I'm trying to export a file/module to my main app/server.js file with something like this:
var twilio = require('nameOfMyTwilioLibraryModule');
or whatever it is I need to do.
I'm looking to create methods like twilio.send(number, message)that I can easily use in my routes to keep my code modular. I've tried a handful of different ways but couldn't get anything to work. This might not be a great question because you need to know how the library works (and Twilio too). The var phone = client.getPhoneNumber(creds.outgoing); line makes sure that my outgoing number is a registered/paid for number.
Here's the full example that I'm trying to wrap with my own methods:
var TwilioClient = require('twilio').Client,
Twiml = require('twilio').Twiml,
creds = require('./twilio_creds').Credentials,
client = new TwilioClient(creds.sid, creds.authToken, creds.hostname),
// Our numbers list. Add more numbers here and they'll get the message
numbers = ['+numbersToSendTo'],
message = '',
numSent = 0;
var phone = client.getPhoneNumber(creds.outgoing);
phone.setup(function() {
for(var i = 0; i < numbers.length; i++) {
phone.sendSms(numbers[i], message, null, function(sms) {
sms.on('processed', function(reqParams, response) {
console.log('Message processed, request params follow');
console.log(reqParams);
numSent += 1;
if(numSent == numToSend) {
process.exit(0);
}
});
});
}
});`
Simply add the function(s) you wish to expose as properties on the exports object. Assuming your file was named mytwilio.js and stored under app/ and looks like,
app/mytwilio.js
var twilio = require('twilio');
var TwilioClient = twilio.Client;
var Twiml = twilio.Twiml;
var creds = require('./twilio_creds').Credentials;
var client = new TwilioClient(creds.sid, creds.authToken, creds.hostname);
// keeps track of whether the phone object
// has been populated or not.
var initialized = false;
var phone = client.getPhoneNumber(creds.outgoing);
phone.setup(function() {
// phone object has been populated
initialized = true;
});
exports.send = function(number, message, callback) {
// ignore request and throw if not initialized
if (!initialized) {
throw new Error("Patience! We are init'ing");
}
// otherwise process request and send SMS
phone.sendSms(number, message, null, function(sms) {
sms.on('processed', callback);
});
};
This file is mostly identical to what you already have with one crucial difference. It remembers whether the phone object has been initialized or not. If it hasn't been initialized, it simply throws an error if send is called. Otherwise it proceeds with sending the SMS. You could get fancier and create a queue that stores all messages to be sent until the object is initialized, and then sends em' all out later.

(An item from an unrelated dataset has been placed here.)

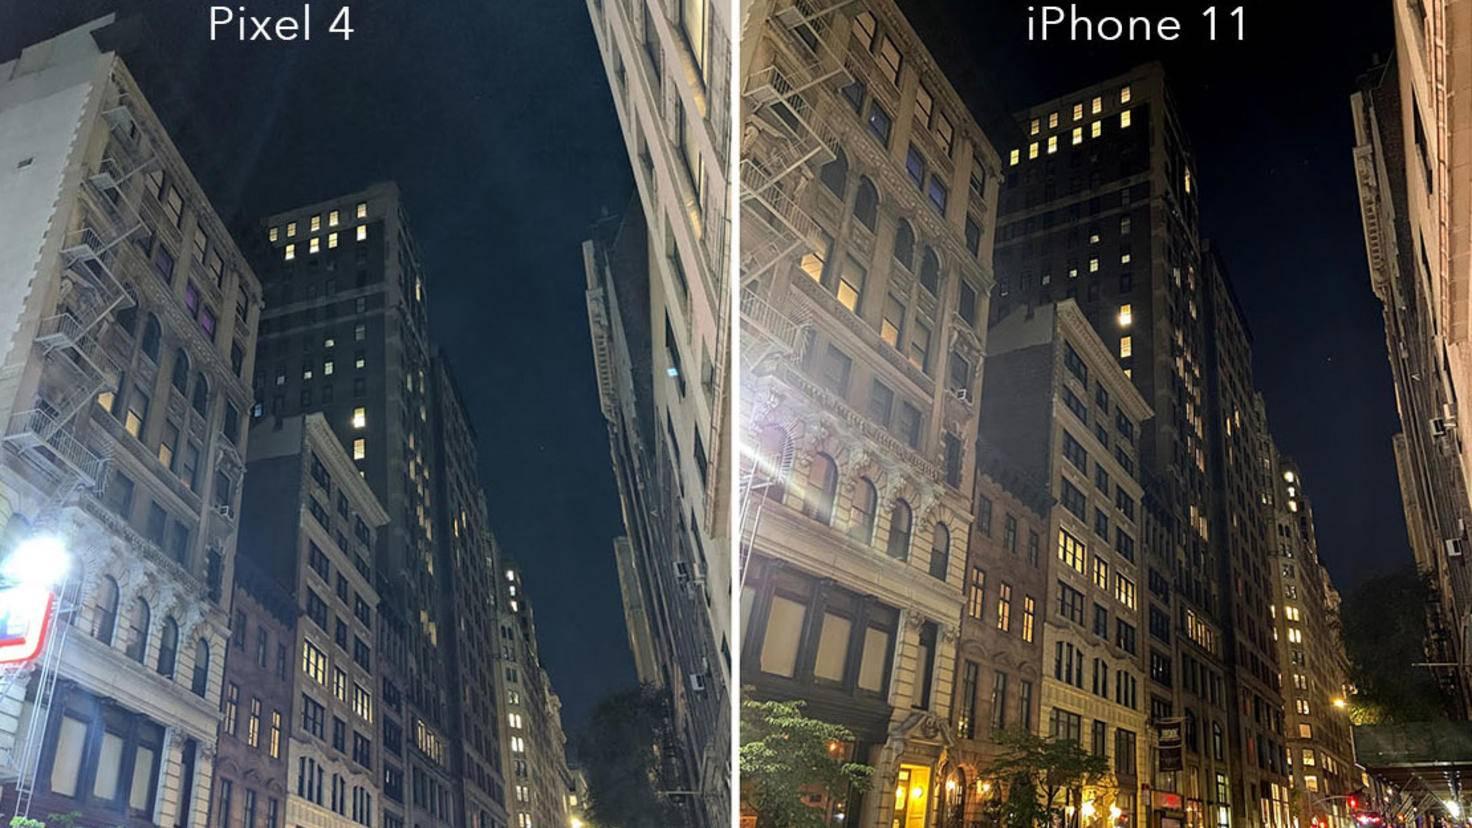 pixel-4-iphone-11-nachtmodu

This is just a lazy approach to get you started. To use the function(s) exported by the above wrapper, simply include it the other js file(s). The send function captures everything it needs (initialized and phone variables) in a closure, so you don't have to worry about exporting every single dependency. Here's an example of a file that makes use of the above.
app/mytwilio-test.js
var twilio = require("./mytwilio");
twilio.send("+123456789", "Hello there!", function(reqParams, response) {
// do something absolutely crazy with the arguments
});
If you don't like to include with the full/relative path of mytwilio.js, then add it to the paths list. Read up more about the module system, and how module resolution works in Node.JS.